Google Gemini Integration

The Google Gemini integration brings Google’s most advanced AI models to n8n, offering powerful multimodal capabilities that can understand and generate text, analyze images, process audio, and even work with video content.

Available Nodes

Google Gemini Node

Direct access to Gemini for text, image, audio, video, and document operations

Google Gemini Chat Model

Use Gemini with AI Agent for advanced workflows with tools and memory

Prerequisites

Before you begin, you’ll need:

A Google Cloud account or Google AI Studio account
A Google Gemini API key
(Optional) Google Cloud project with Vertex AI enabled for production use

Setup

Get Your API Key

Option 1: Google AI Studio (Recommended for getting started)

Go to Google AI Studio
Click Get API Key
Create a new key or use an existing one
Copy the API key

Option 2: Google Cloud Console (For production)

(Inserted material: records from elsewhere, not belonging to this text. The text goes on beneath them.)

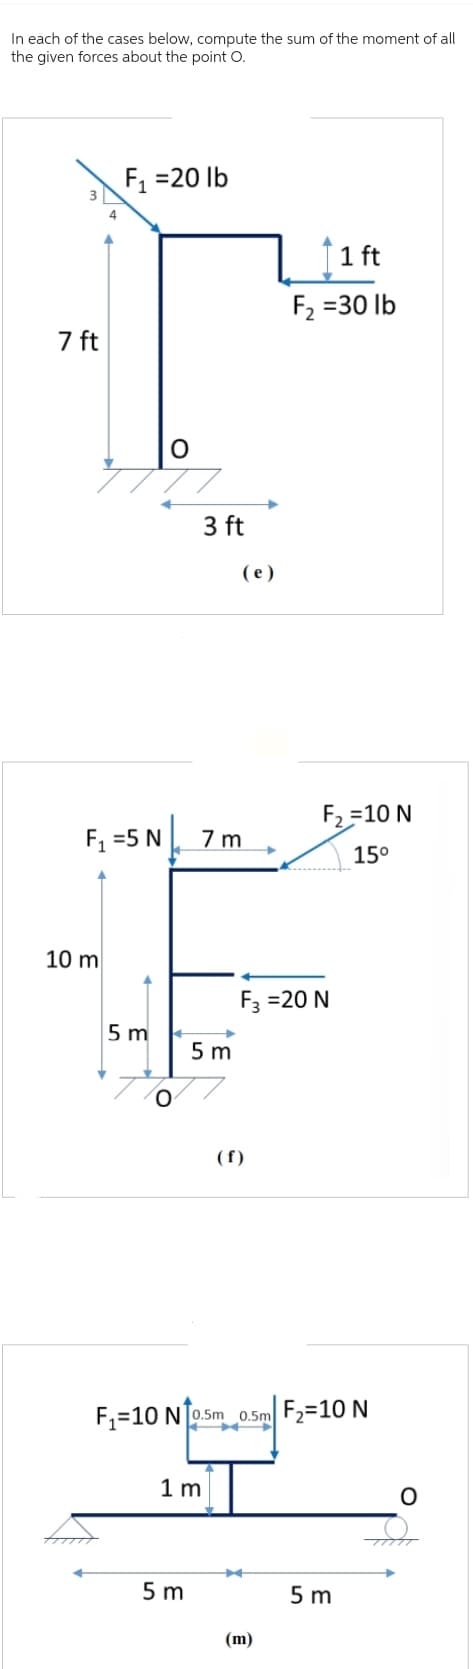 In each of the cases below, compute the sum of the moment of all
the given forces about the point O.
7 ft
F₁ =20 lb
F₁ = 5 N
10 m
5m
O
O
3 ft
5m
7 m
5 m
(e)
1 m
(f)
1 ft
F₂ =30 lb
F3 =20 N
F₁-10 N 0.5m 0.5m F₂=10 N
F₂=10 N
15⁰
(m)
5m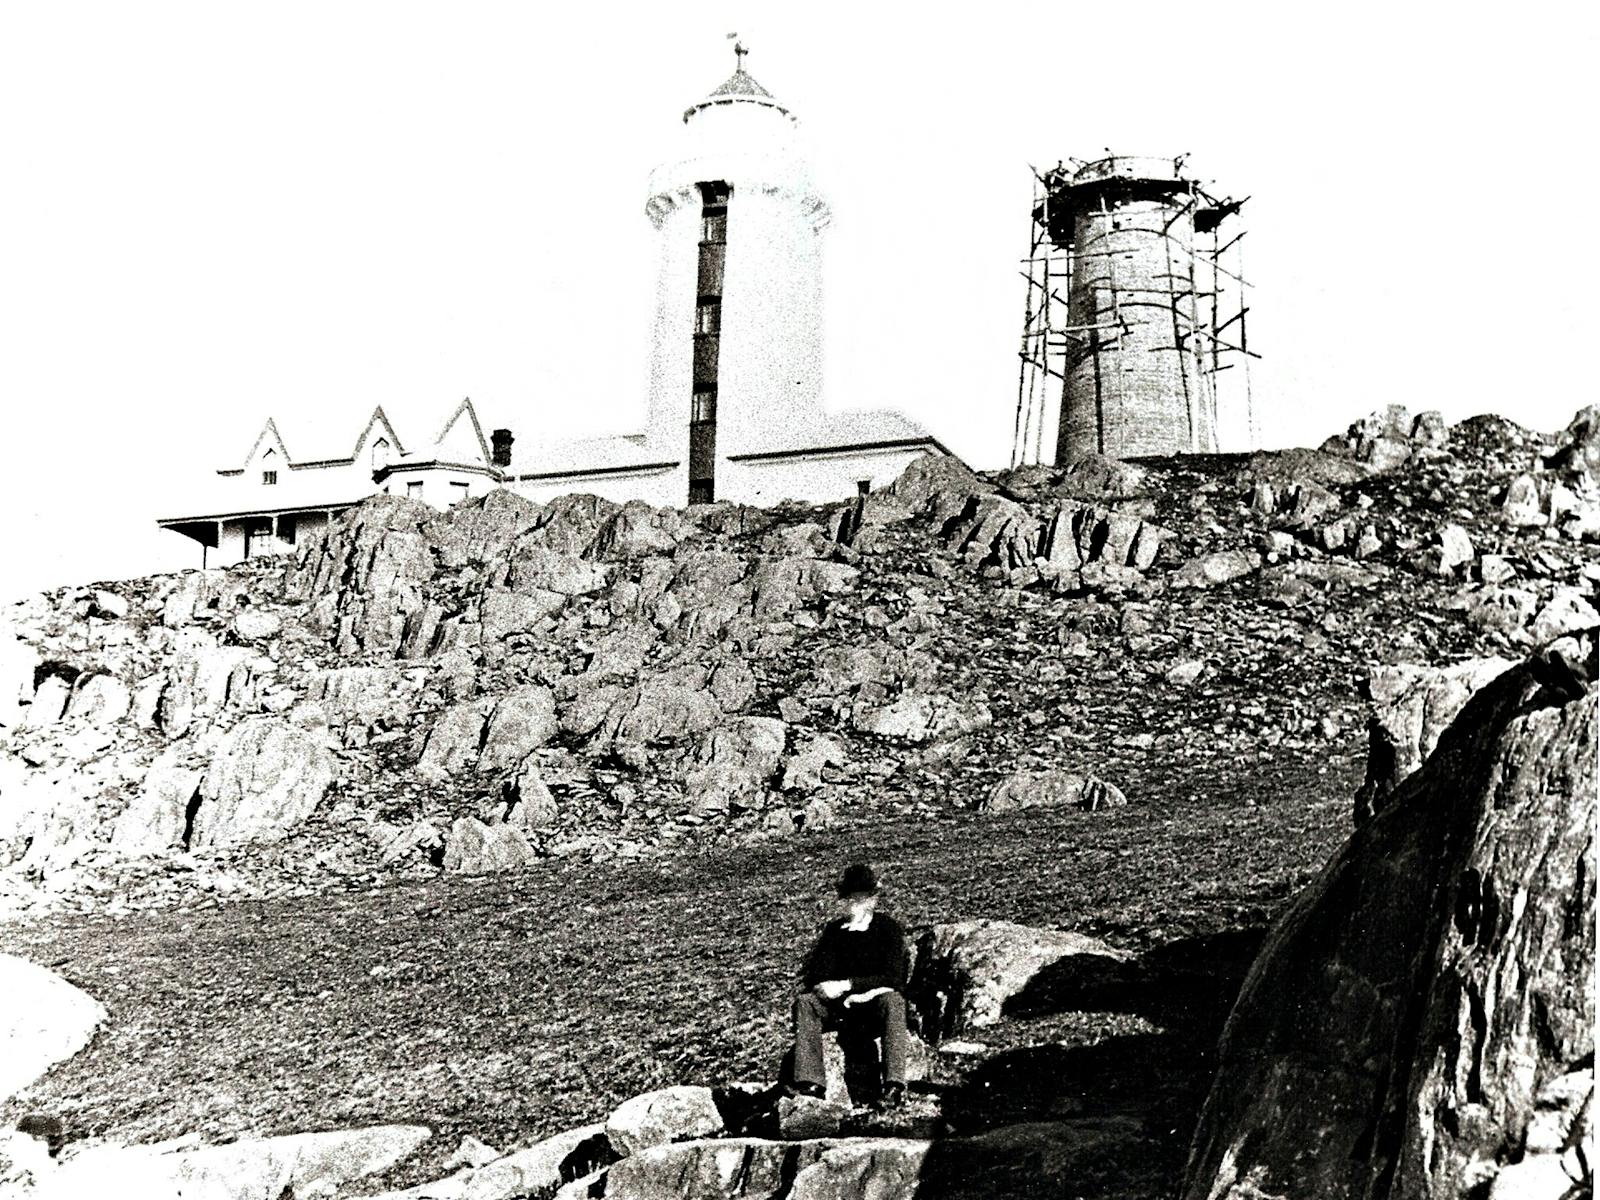 The 1833 Lighthouse with the 1888 Lighthouse under construction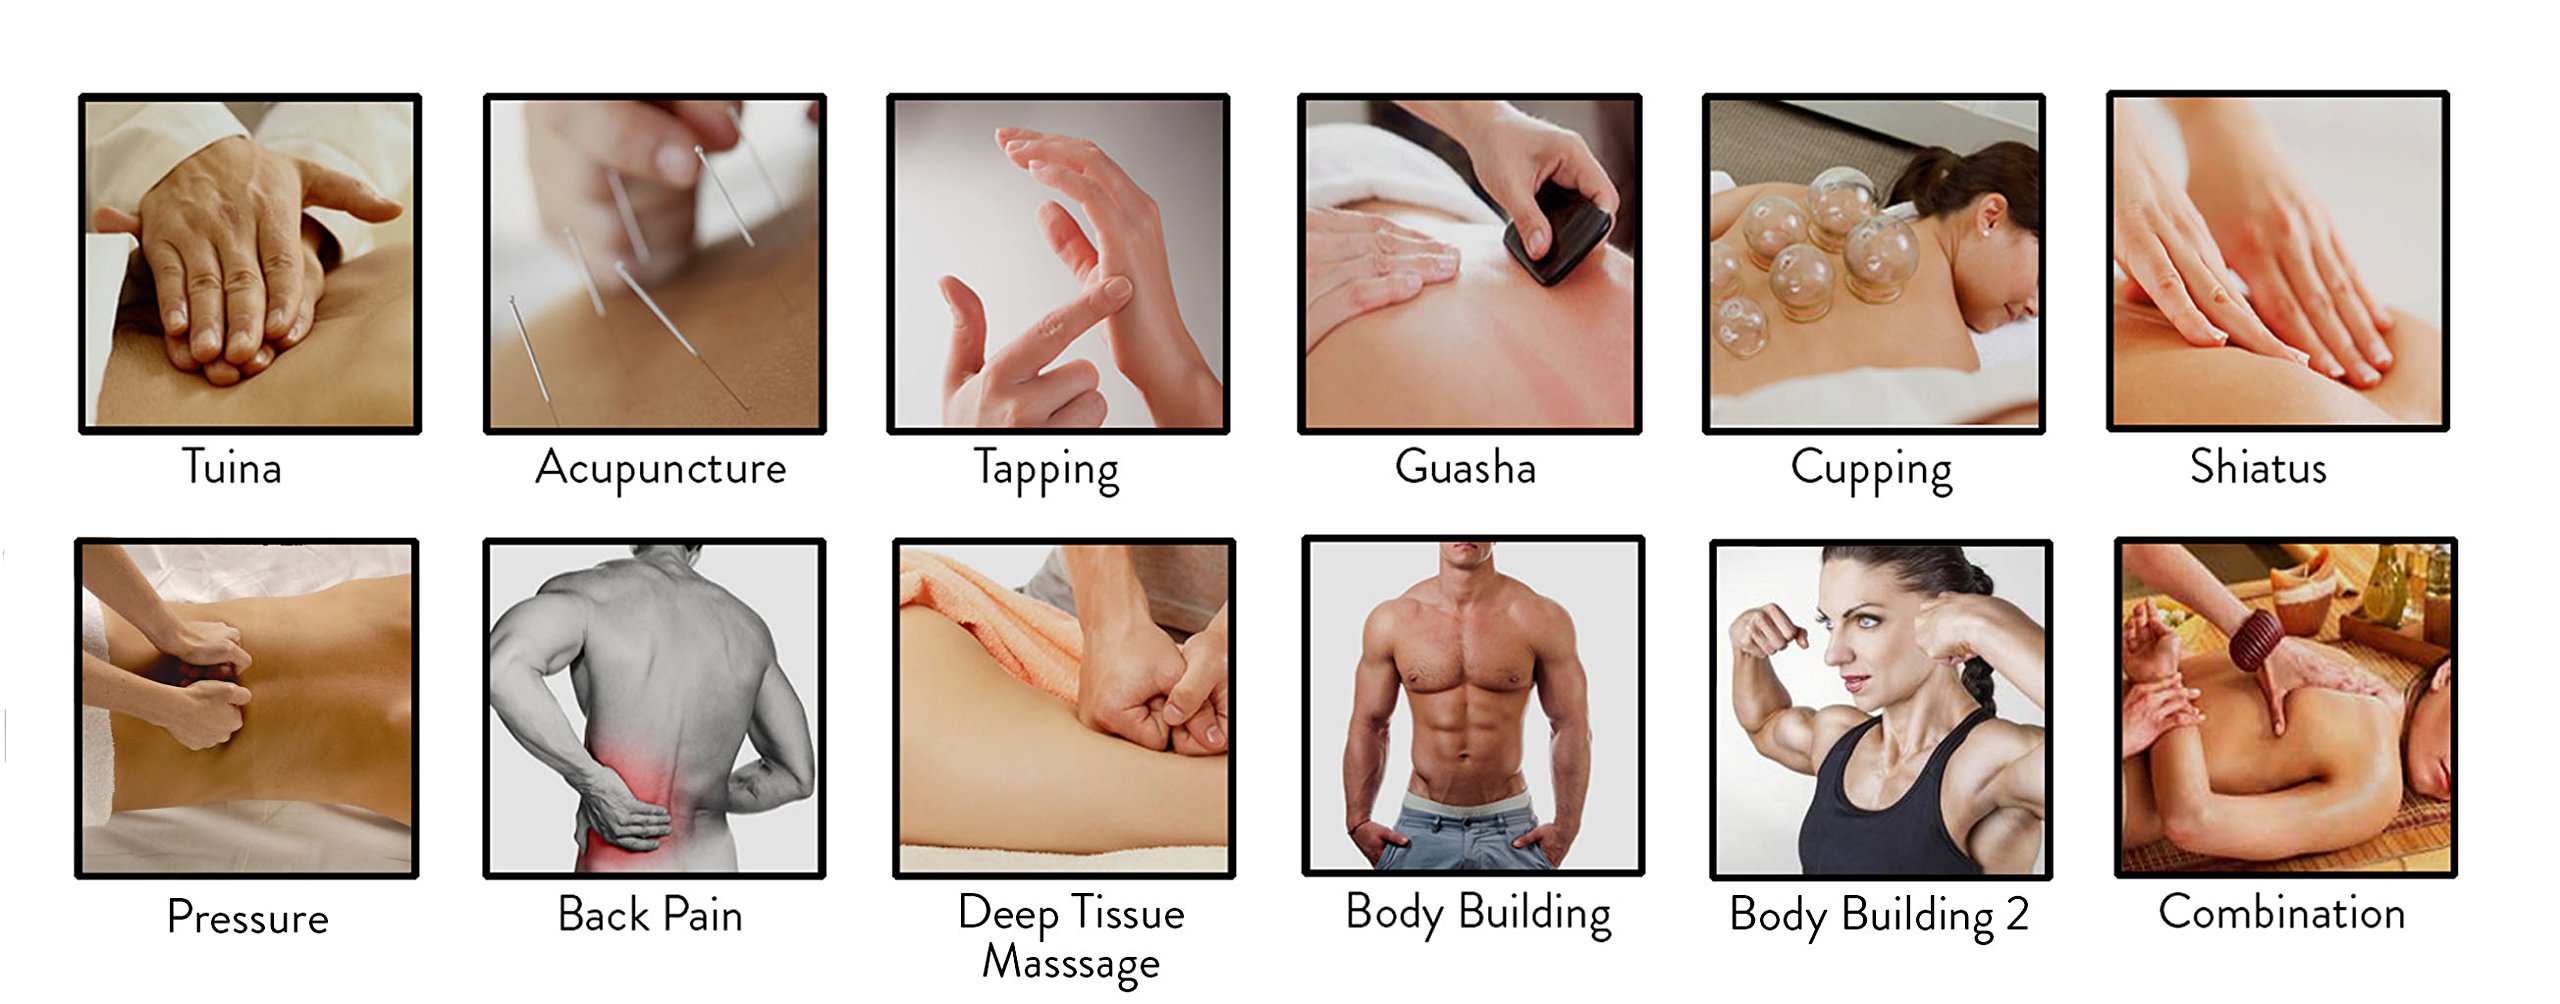 massage modes demonstrated to explain what they mean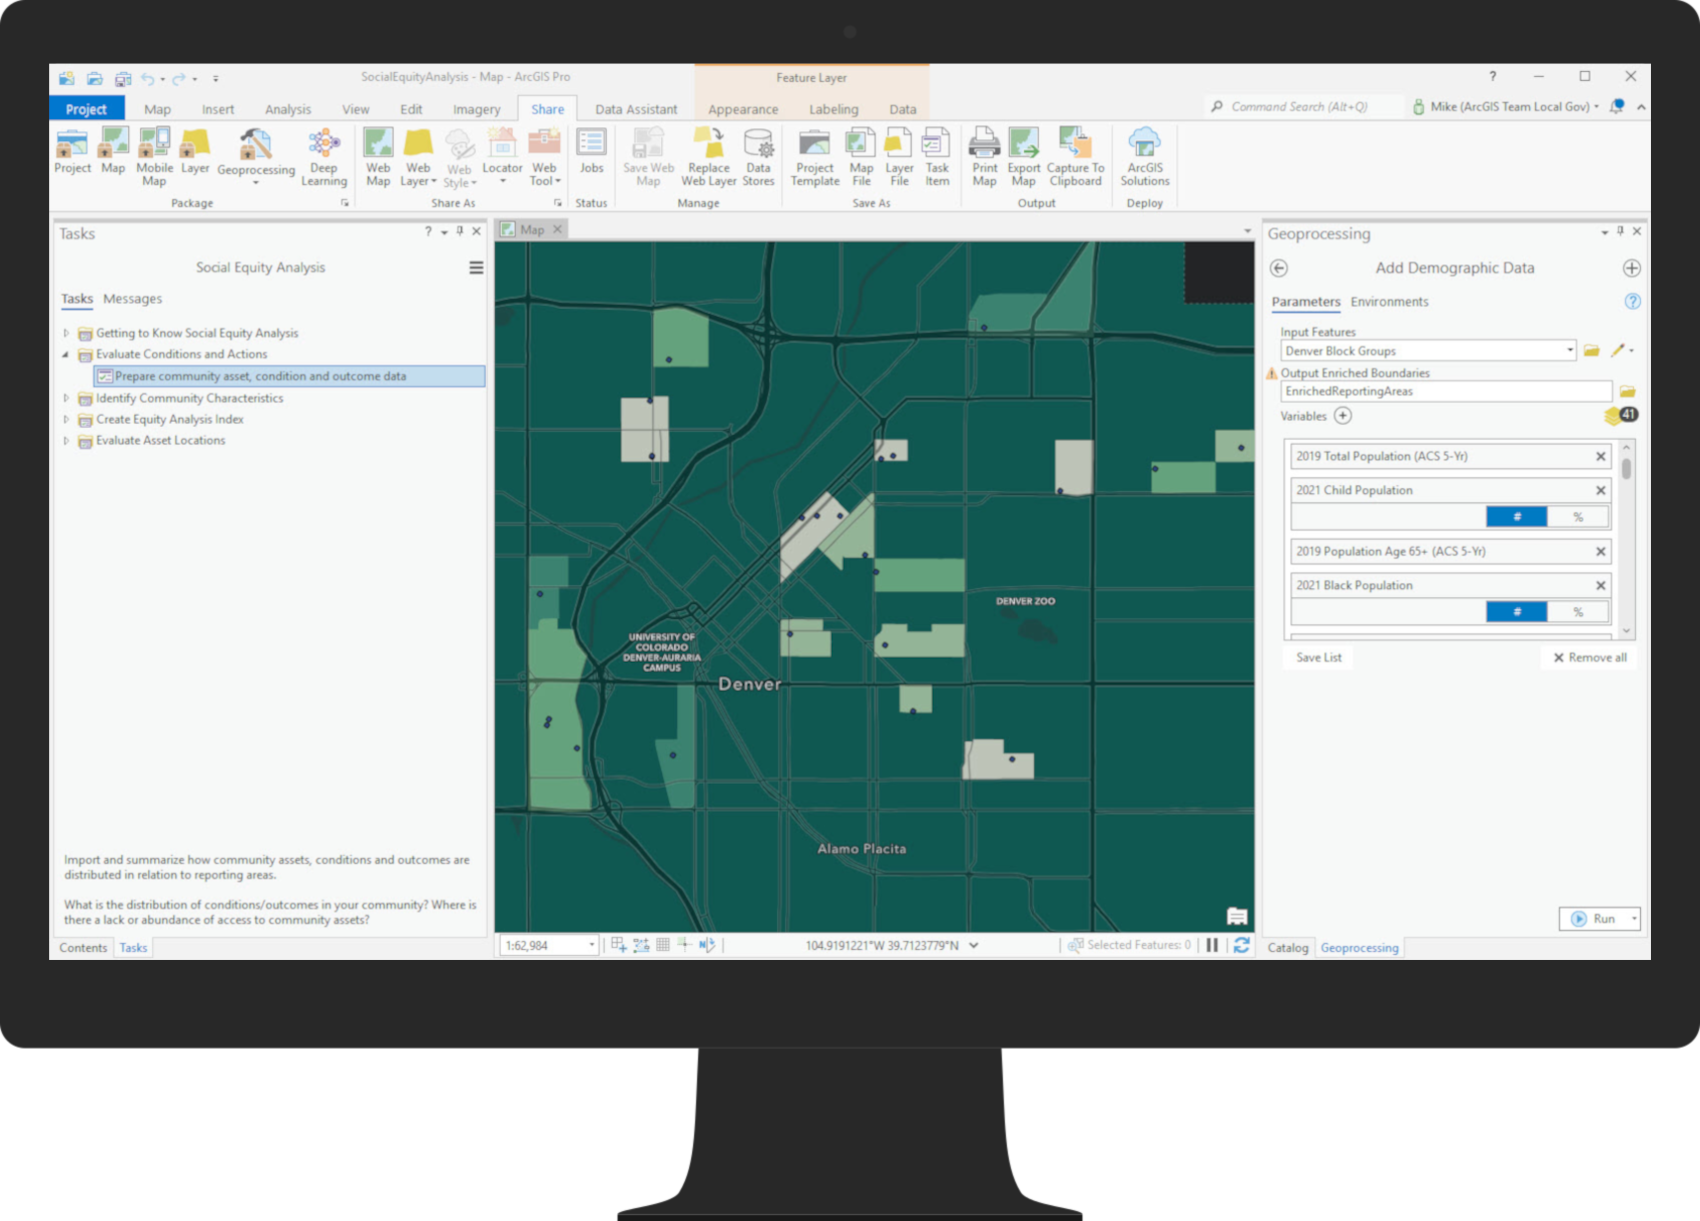 Community Condition Rate map in ArcGIS Pro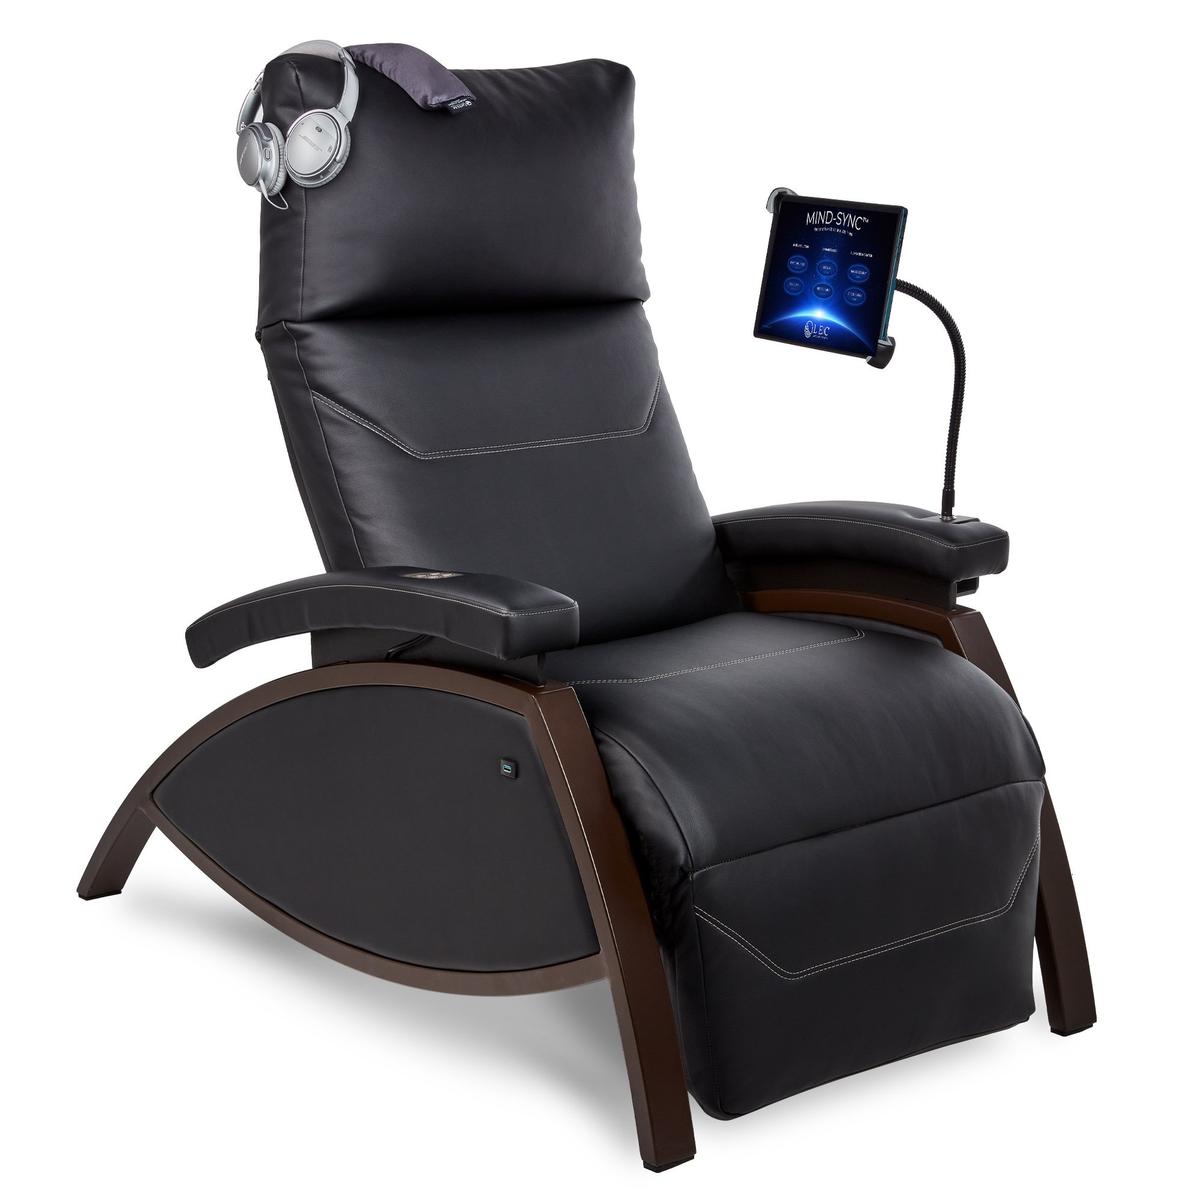 The Mind-Sync Lounger is now available for delivery in February with an MSRP set at US$9,950 (€8,830, £7,542)

Go to Google Cloud Console
Enable the Vertex AI API
Create credentials for the API
Copy the API key

Configure in n8n

Add a Google Gemini node to your workflow
Click Credential to connect with
Select Create New Credential
Enter your API key
(Optional) Set custom host URL for Vertex AI
Click Save

Test the Connection

Send a simple text message to verify your credentials are working correctly.

Google Gemini Node

The Google Gemini node provides comprehensive access to Gemini’s multimodal capabilities across multiple resources.

Available Resources

Send messages to Gemini and receive intelligent responses.Operations:

Message: Send prompts and get responses from Gemini

Features:

Multi-turn conversations
System instructions support
Tool/function calling
JSON mode for structured output
Safety settings configuration

Example Configuration:

{
  "resource": "text",
  "operation": "message",
  "modelId": "gemini-2.0-flash",
  "messages": [
    {
      "content": "Explain how neural networks work in simple terms",
      "role": "user"
    }
  ]
}

Available Roles:

User: Send messages as the user
Model: Set Gemini’s response style

Analyze and generate images using Gemini’s vision capabilities.Operations:

Analyze: Understand and describe images
Generate: Create images from text descriptions (Imagen)
Edit: Modify existing images

Vision Capabilities:

Image description and captioning
Object detection and identification
Text extraction (OCR)
Scene understanding
Visual question answering
Spatial reasoning

Supported Formats:

JPEG, PNG, WebP, HEIC, HEIF
Base64 encoded images
Image URLs
Binary image data

Example:

{
  "resource": "image",
  "operation": "analyze",
  "modelId": "gemini-2.0-flash",
  "prompt": "Describe this image in detail and identify all objects",
  "binaryPropertyName": "data"
}

Gemini Pro Vision and Gemini 1.5+ models have excellent multimodal understanding capabilities.

Process and understand audio content.Operations:

Analyze: Understand audio context and content
Transcribe: Convert speech to text

Capabilities:

Speech transcription
Audio content understanding
Music and sound identification
Emotion and tone detection
Multi-language support

Supported Formats:

WAV, FLAC, MP3
AAC, OGG, OPUS
Binary audio data

Example:

{
  "resource": "audio",
  "operation": "transcribe",
  "modelId": "gemini-2.0-flash",
  "binaryPropertyName": "data"
}

Audio understanding is available in Gemini 1.5 Pro and later models.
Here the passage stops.